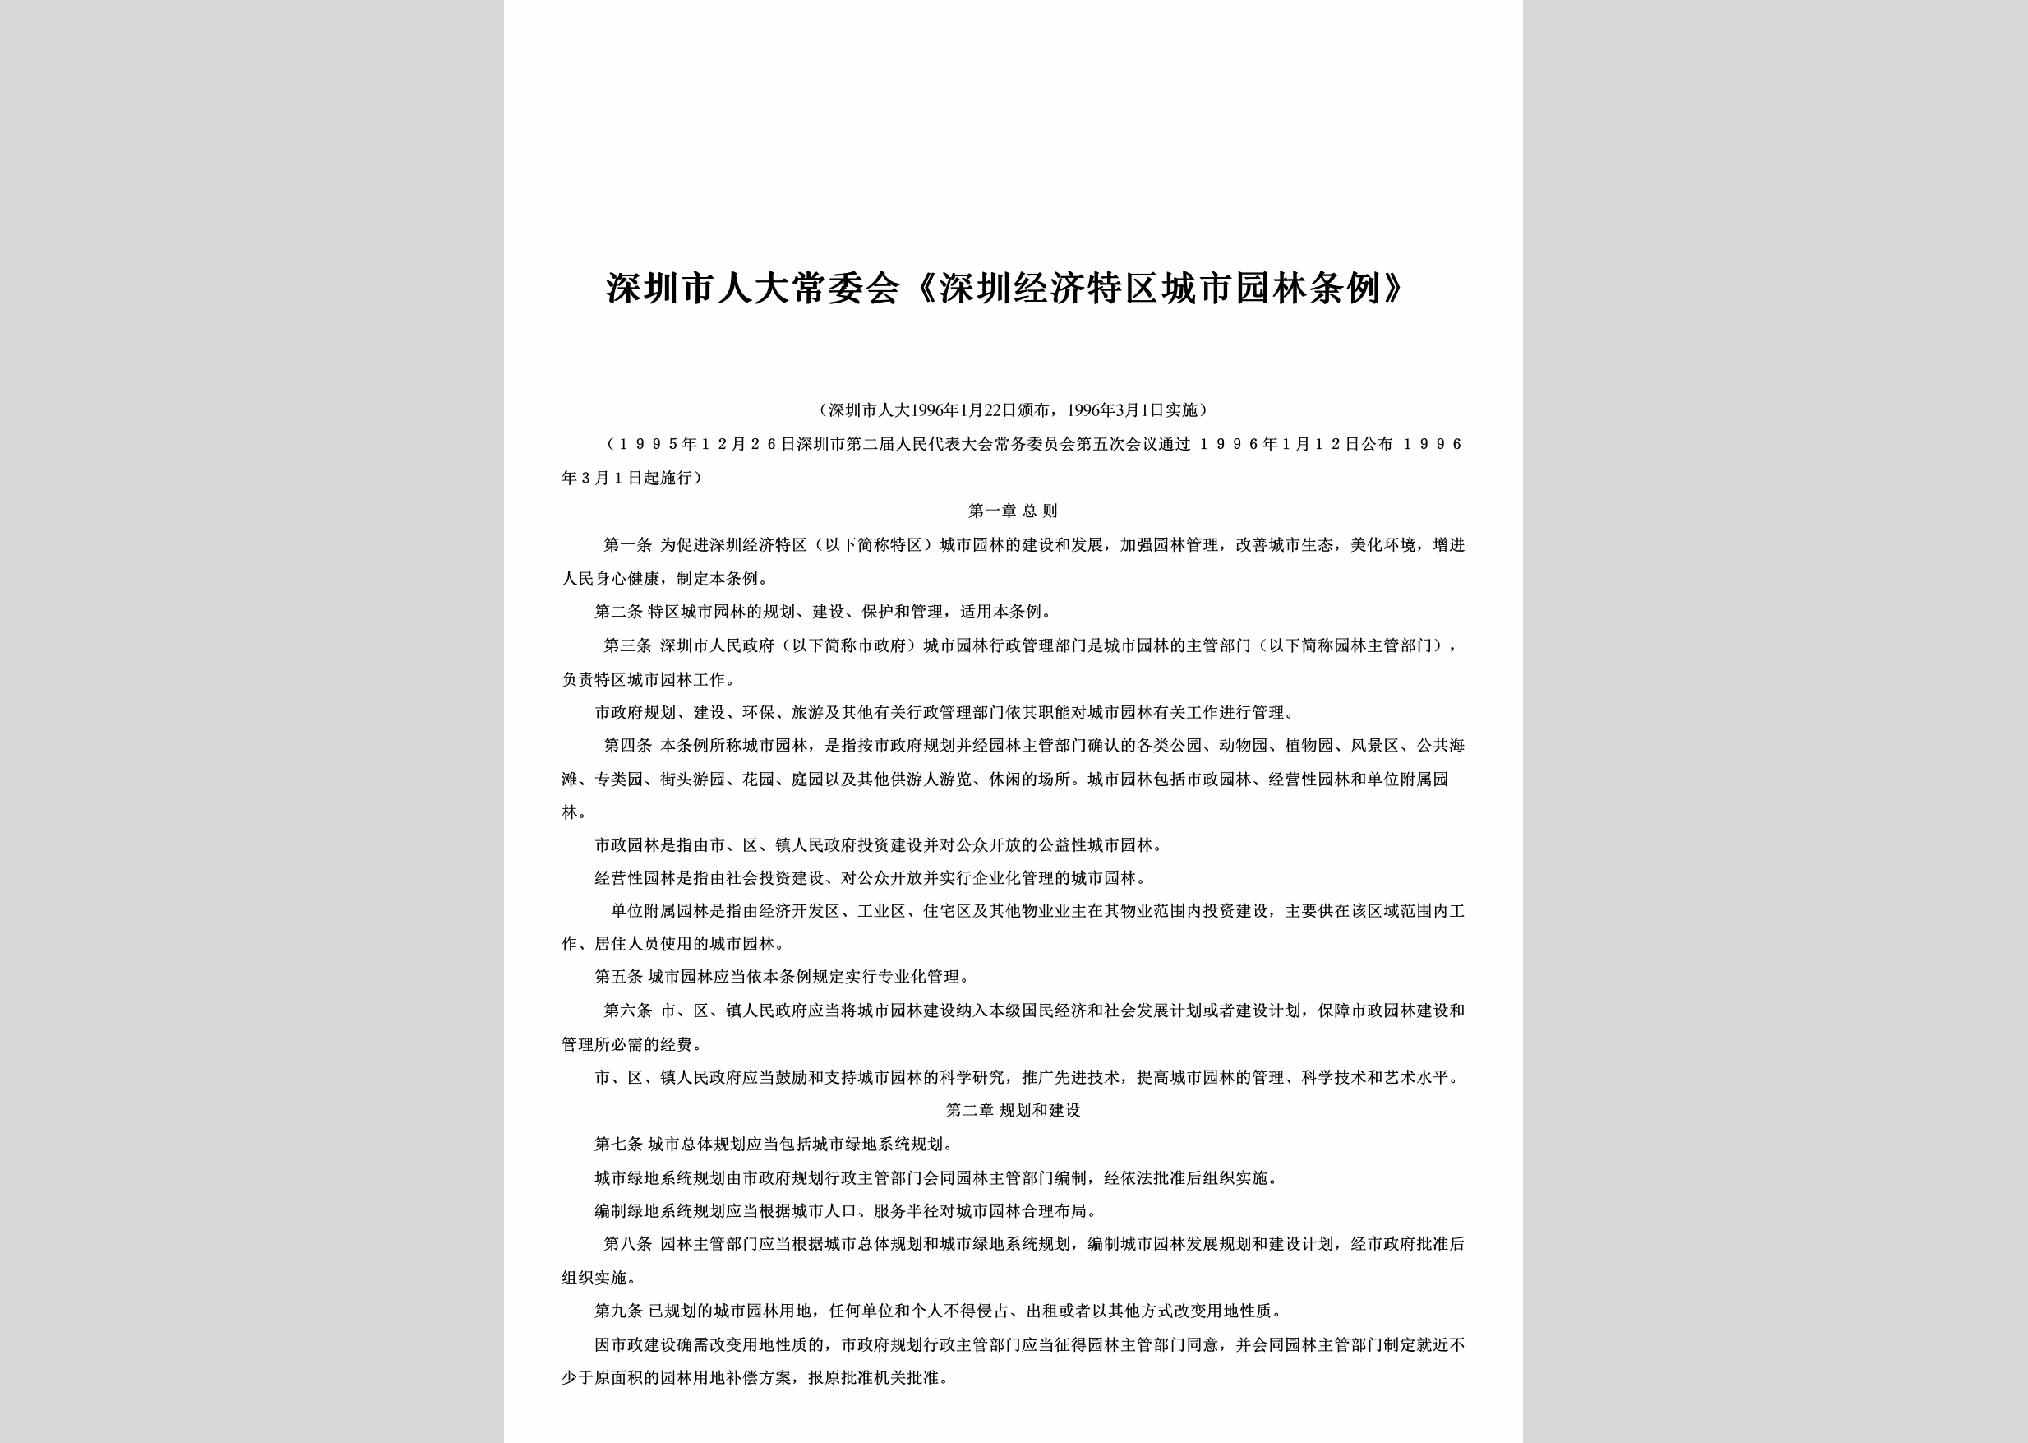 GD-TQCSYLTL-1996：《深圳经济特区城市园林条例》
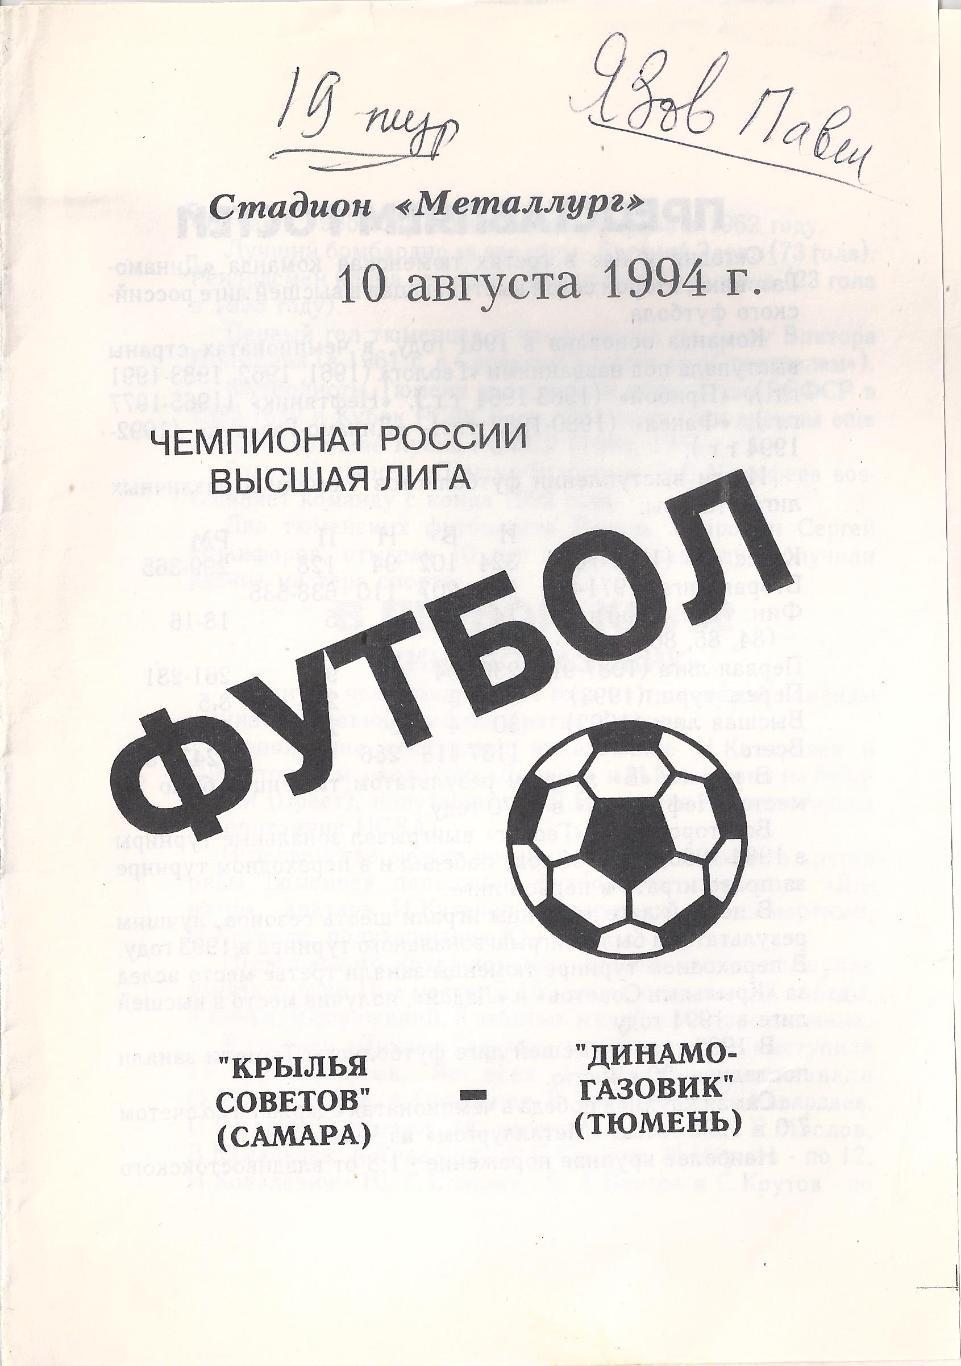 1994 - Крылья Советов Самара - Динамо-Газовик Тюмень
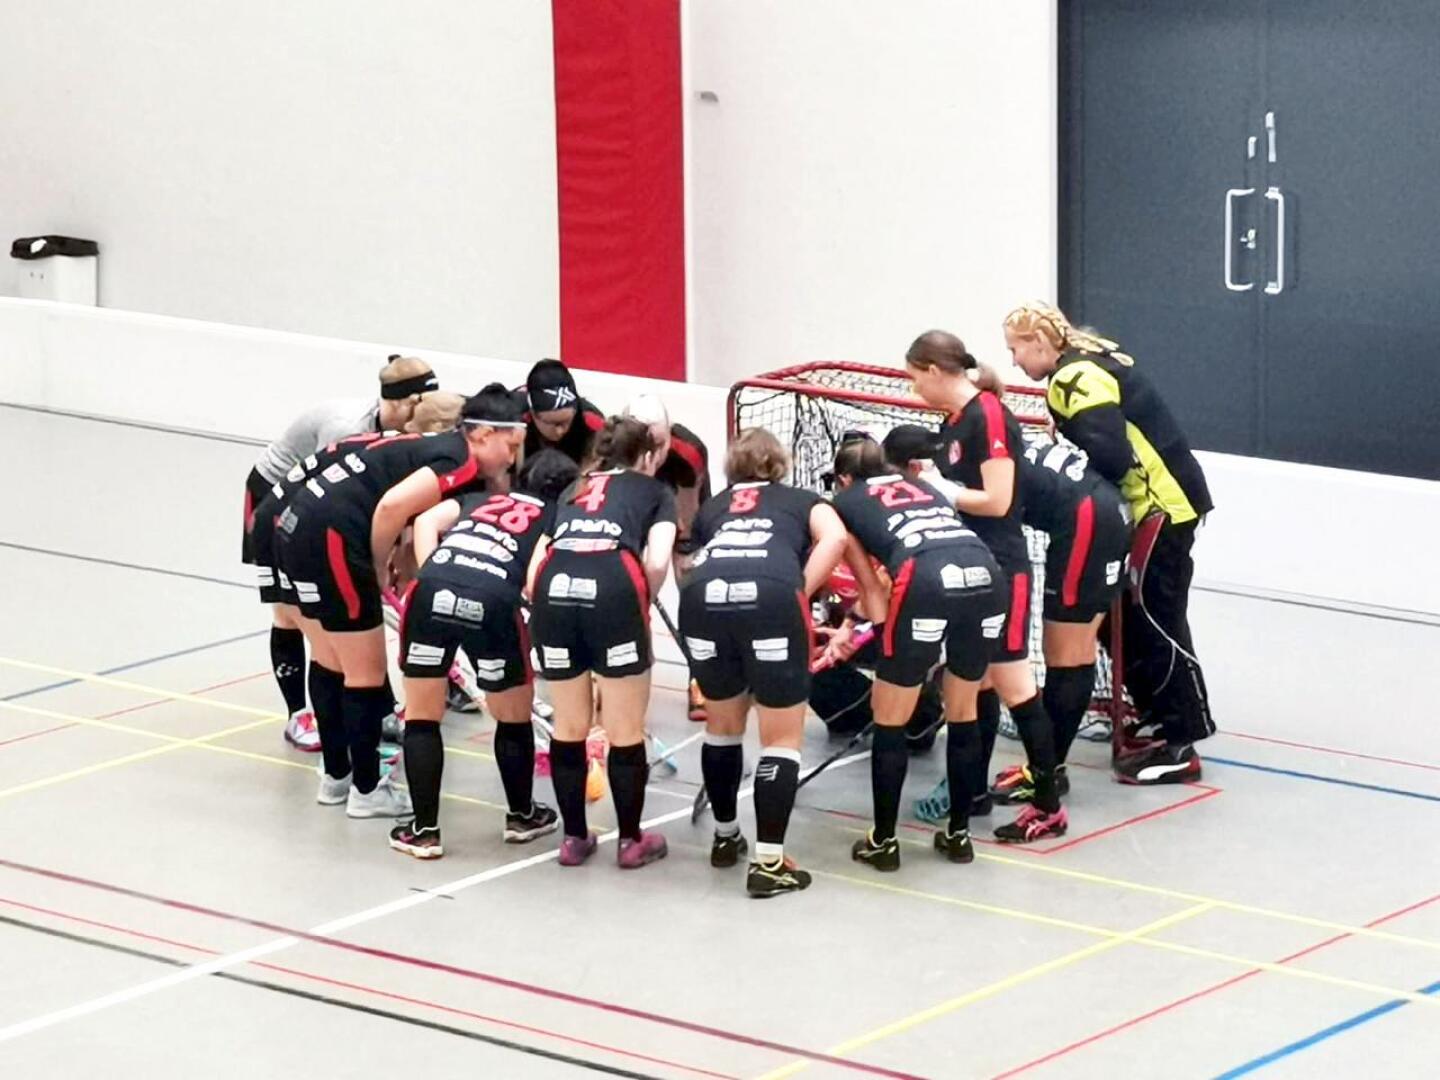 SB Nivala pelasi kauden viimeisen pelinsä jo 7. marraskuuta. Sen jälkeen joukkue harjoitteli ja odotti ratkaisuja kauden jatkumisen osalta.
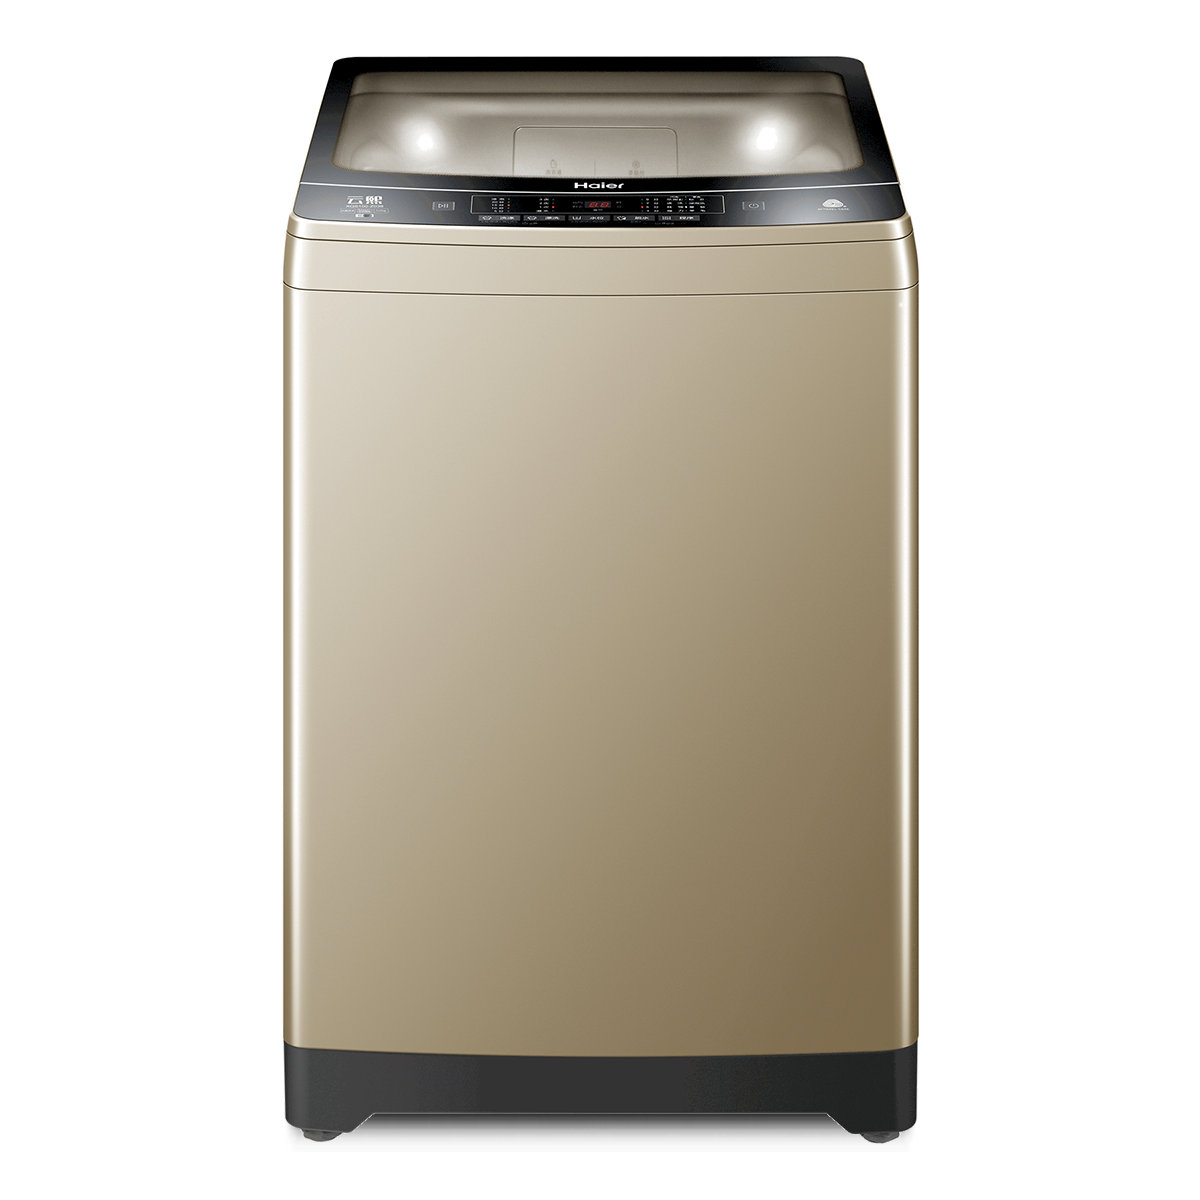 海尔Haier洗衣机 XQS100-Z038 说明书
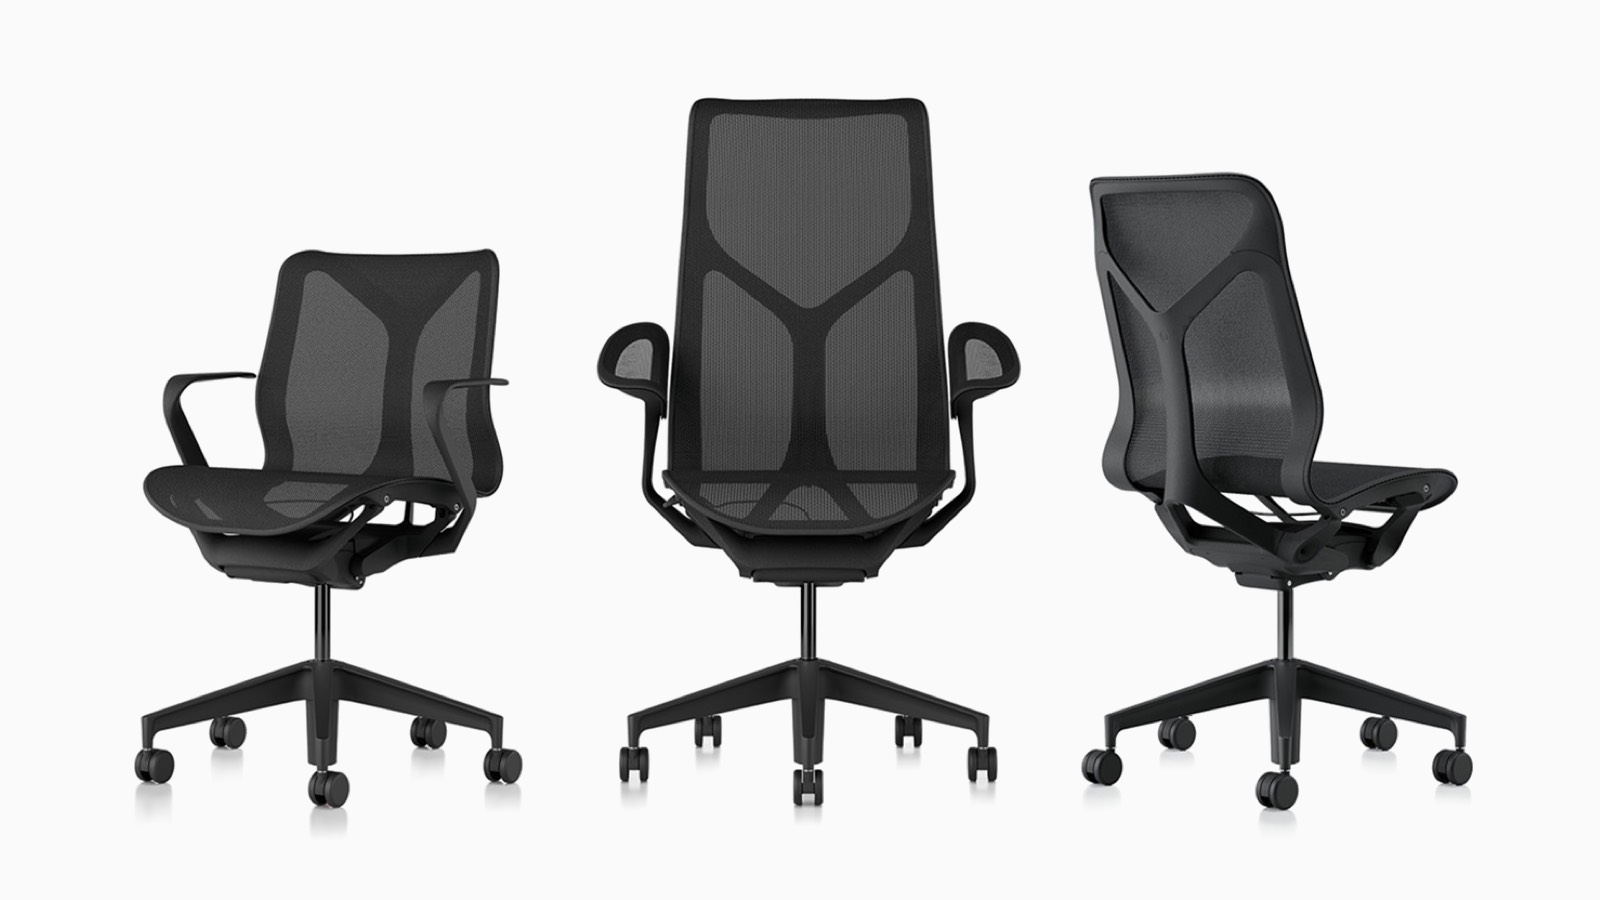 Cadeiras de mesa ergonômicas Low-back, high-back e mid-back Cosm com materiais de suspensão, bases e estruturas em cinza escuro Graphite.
|---|
§ Task goal:
The copy you produce must hold all the records above exactly and none of their pictures.

§ Result of this exercise:
 GD-TQCSYLTL-1996：《深圳经济特区城市园林条例》
 1994 - Крылья Советов Самара - Динамо-Газовик Тюмень
 SB Nivala pelasi kauden viimeisen pelinsä jo 7. marraskuuta. Sen jälkeen joukkue harjoitteli ja odotti ratkaisuja kauden jatkumisen osalta.
 海尔Haier洗衣机 XQS100-Z038 说明书
 Cadeiras de mesa ergonômicas Low-back, high-back e mid-back Cosm com materiais de suspensão, bases e estruturas em cinza escuro Graphite.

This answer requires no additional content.